Please repeat the lines below exactly. Begin with the line containing "Sentimental Sales Representative" and go on through the line containing "White wooden chair".

*Data to examine:*
-*-*-

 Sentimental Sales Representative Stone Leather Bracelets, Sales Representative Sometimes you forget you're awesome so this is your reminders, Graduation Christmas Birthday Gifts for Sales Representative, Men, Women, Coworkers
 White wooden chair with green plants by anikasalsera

-*-*-

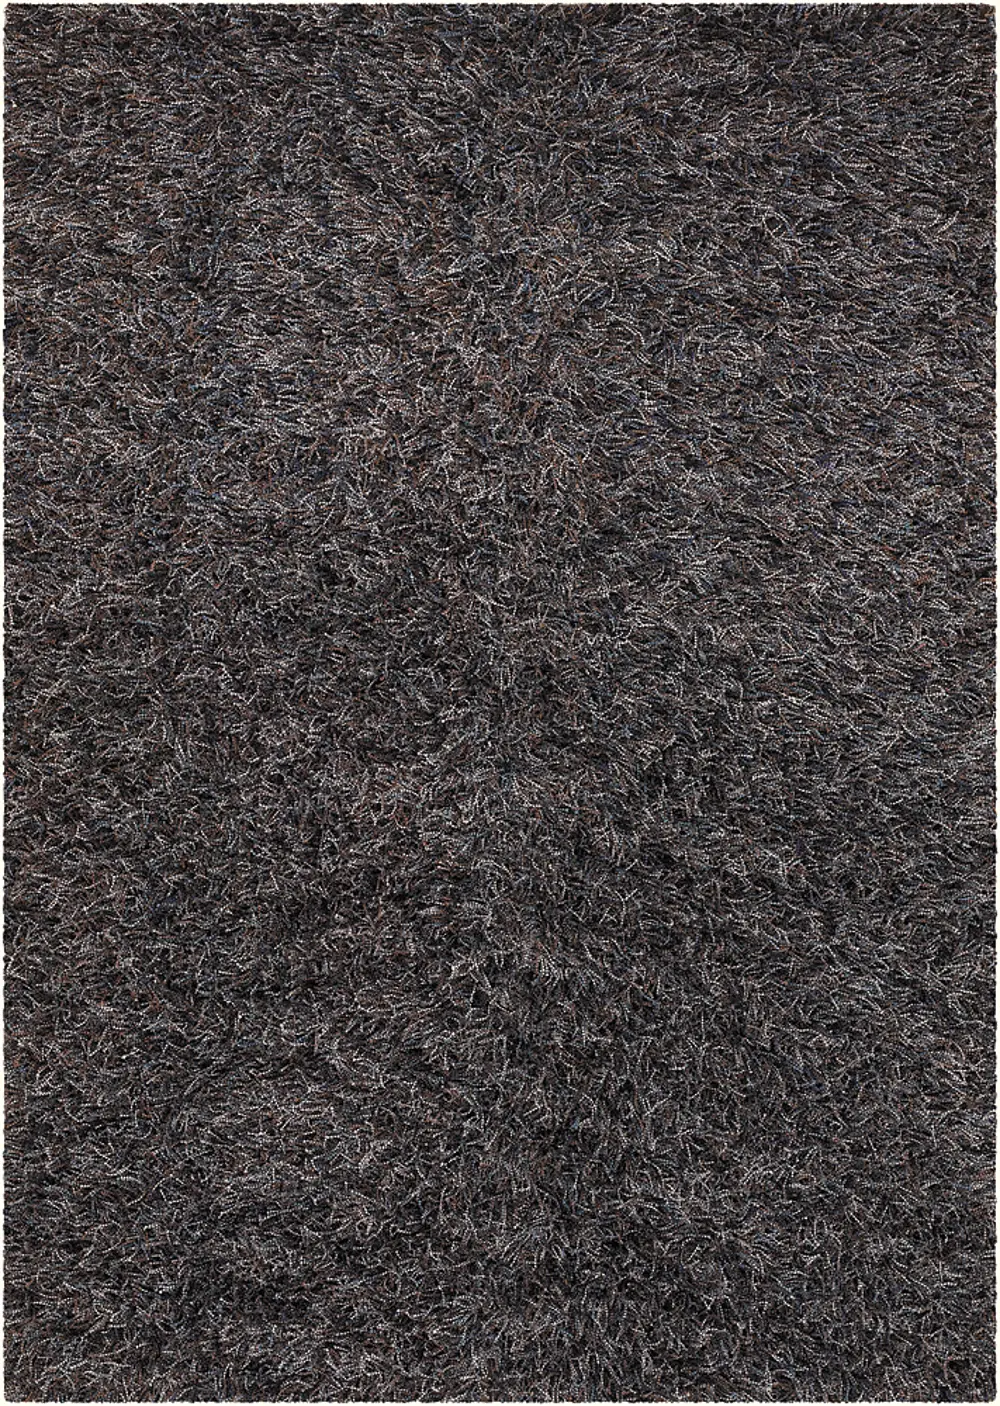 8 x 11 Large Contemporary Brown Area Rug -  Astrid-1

-*-*-

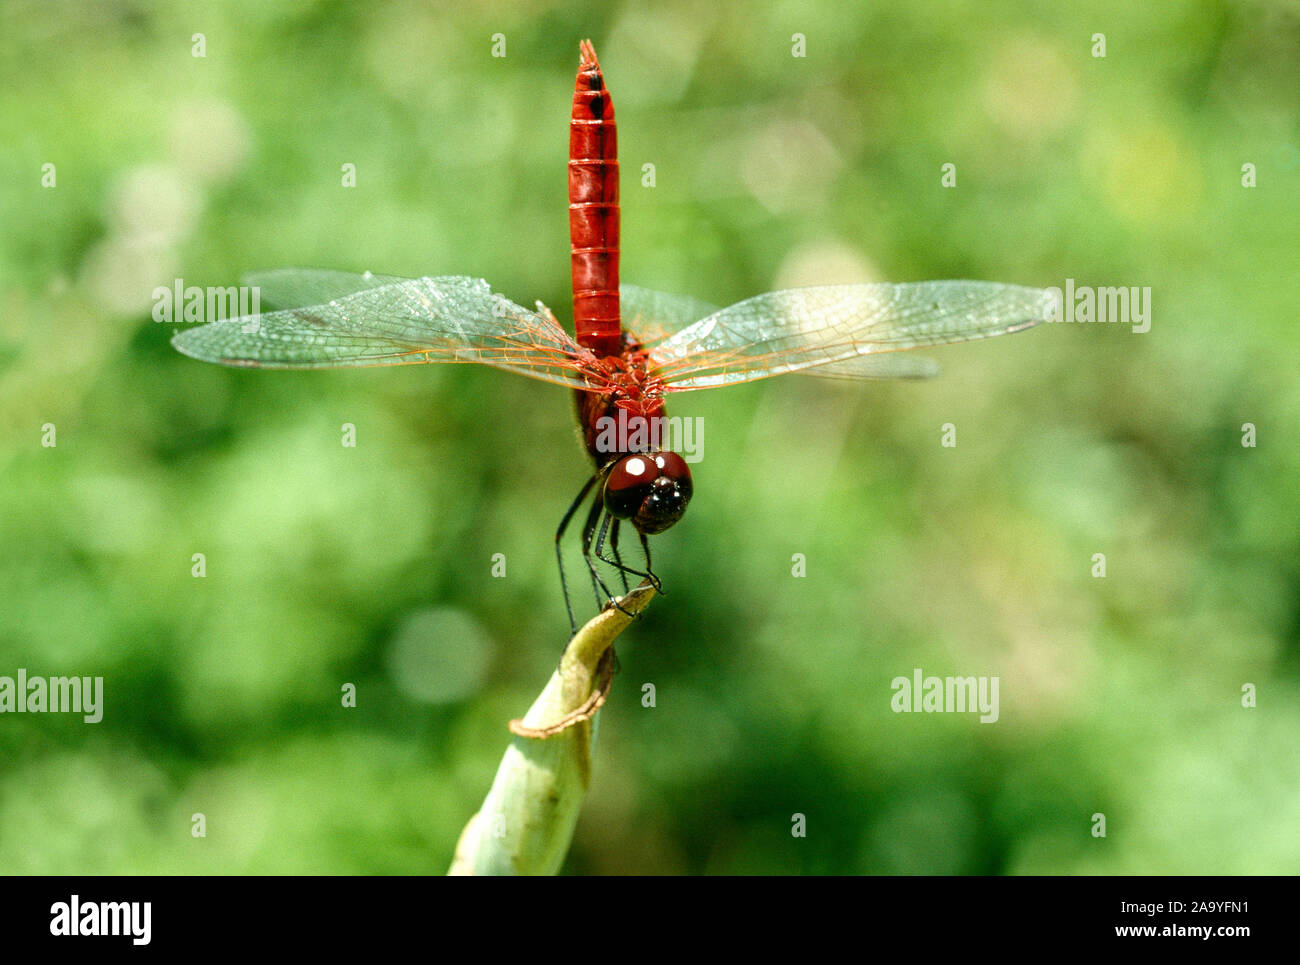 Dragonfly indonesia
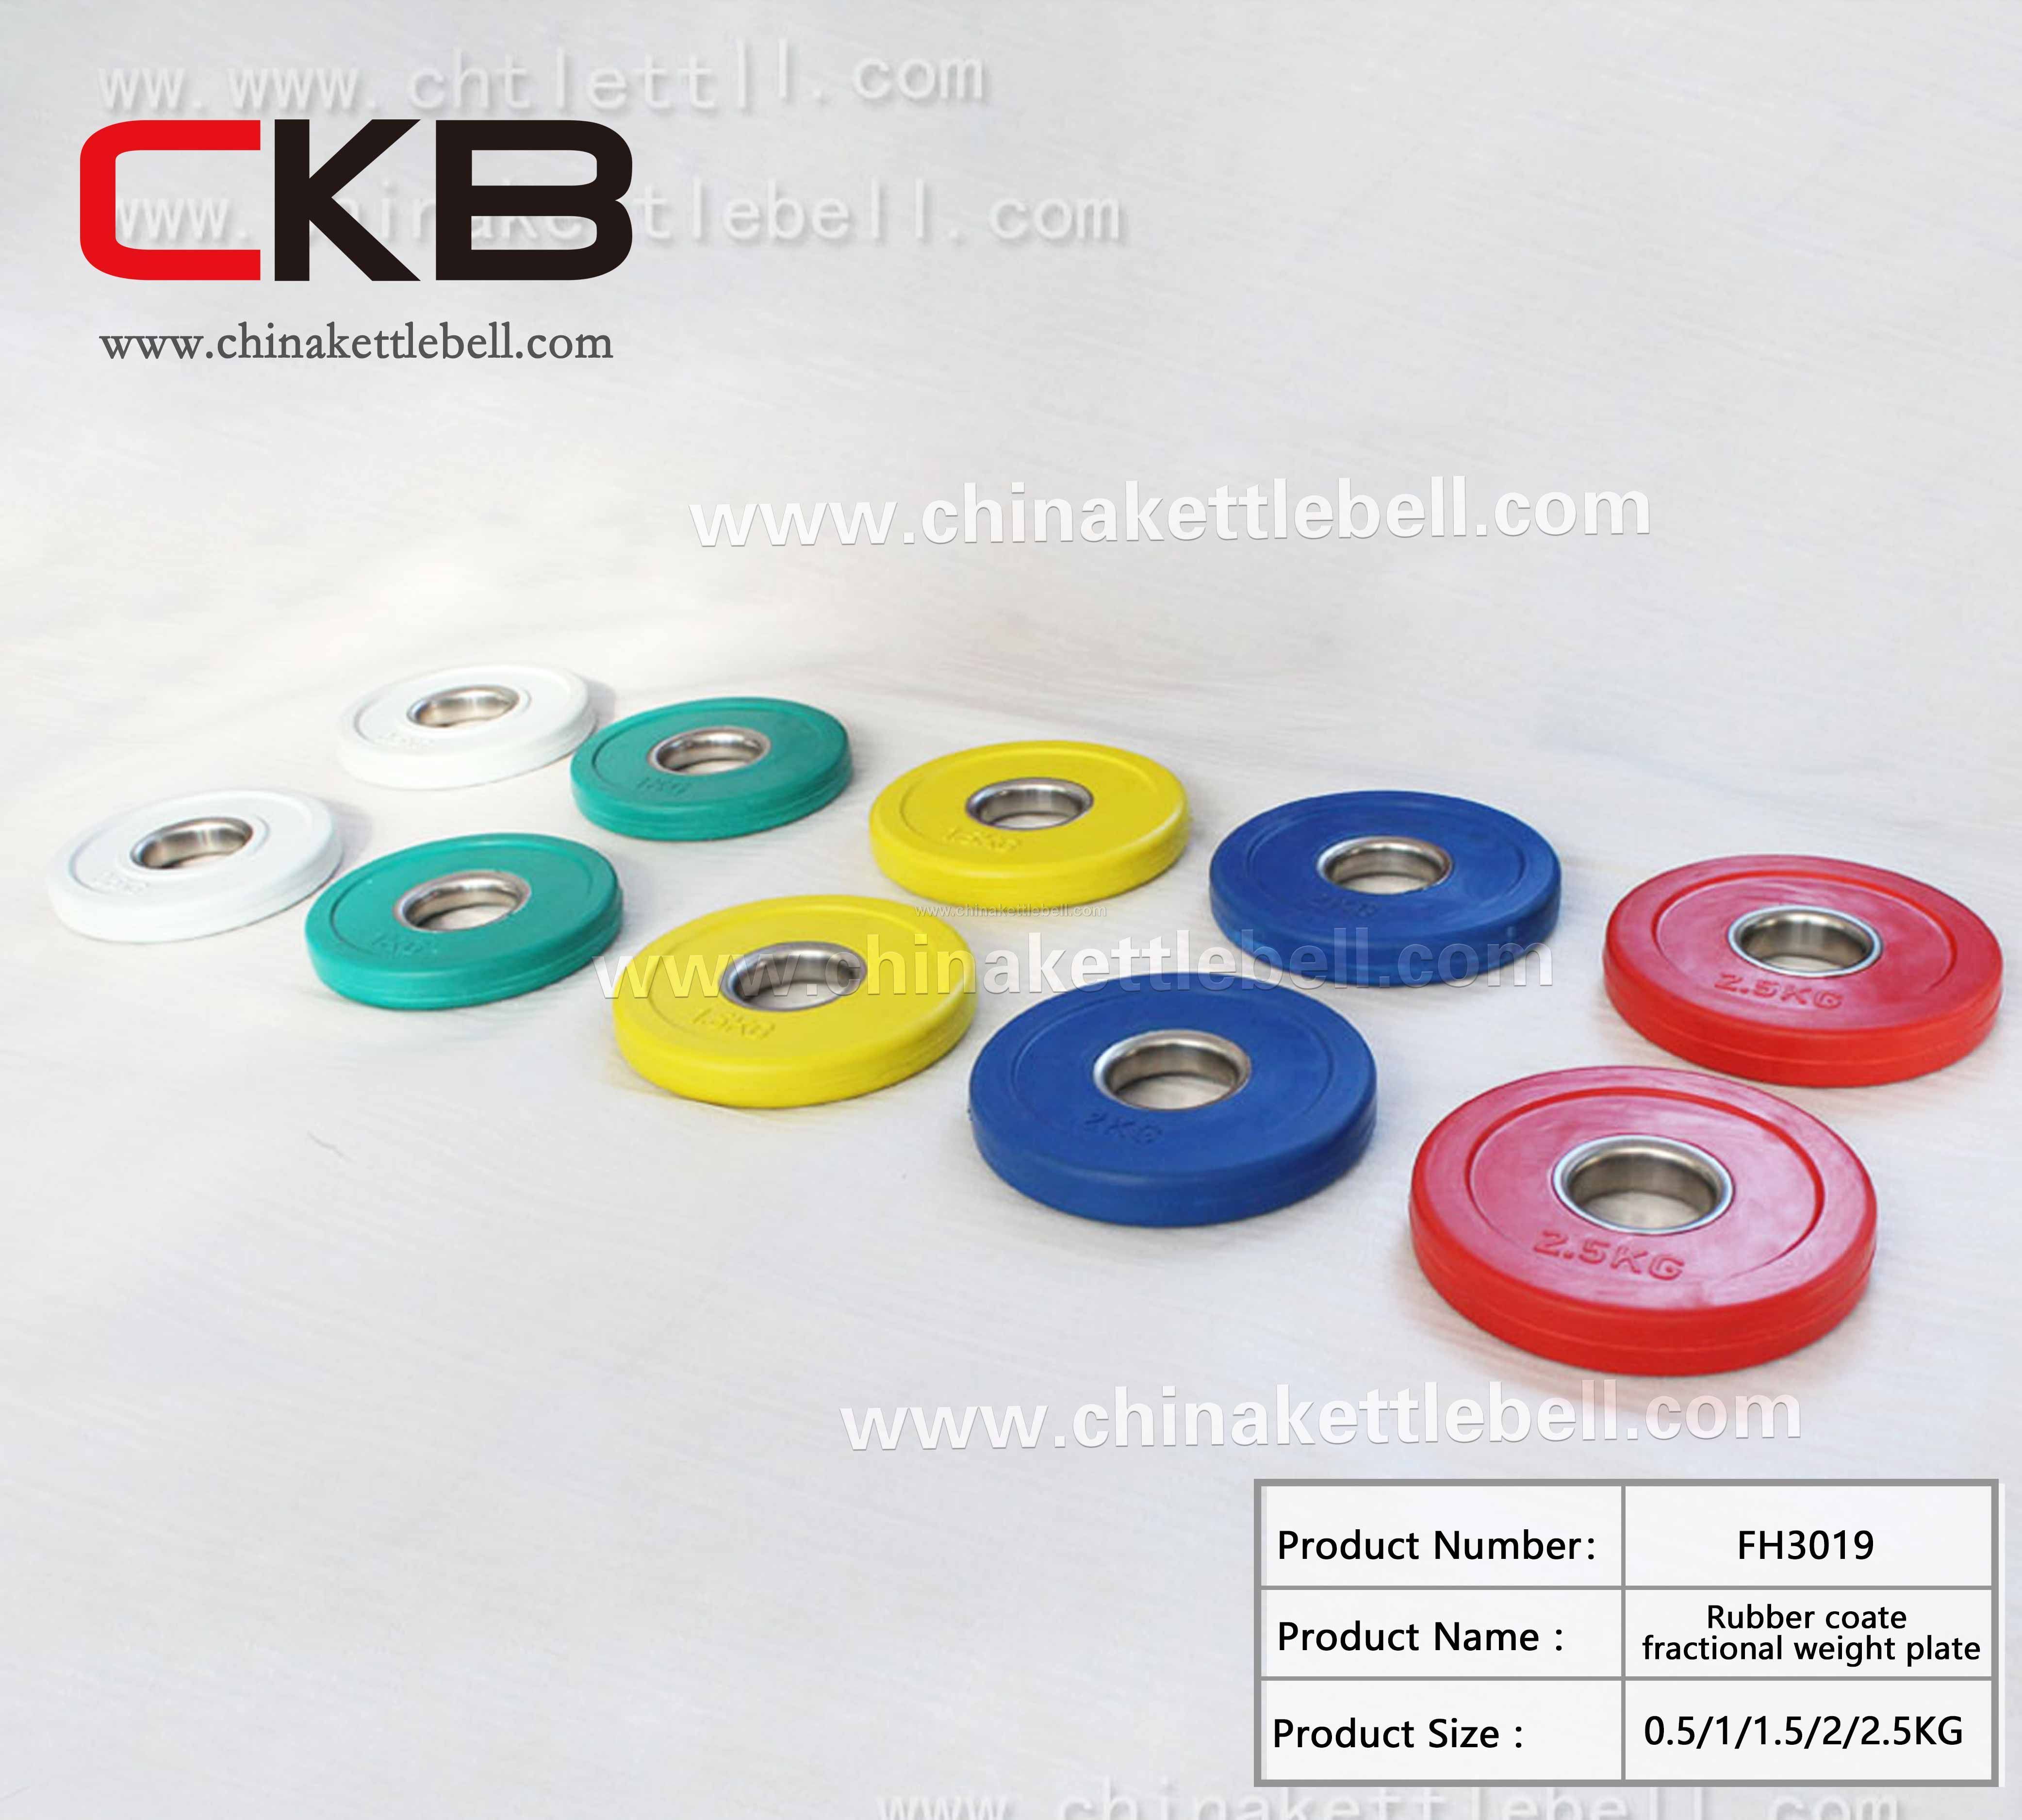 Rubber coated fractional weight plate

-*-*-

*Exercise response:*
 Sentimental Sales Representative Stone Leather Bracelets, Sales Representative Sometimes you forget you're awesome so this is your reminders, Graduation Christmas Birthday Gifts for Sales Representative, Men, Women, Coworkers
 White wooden chair with green plants by anikasalsera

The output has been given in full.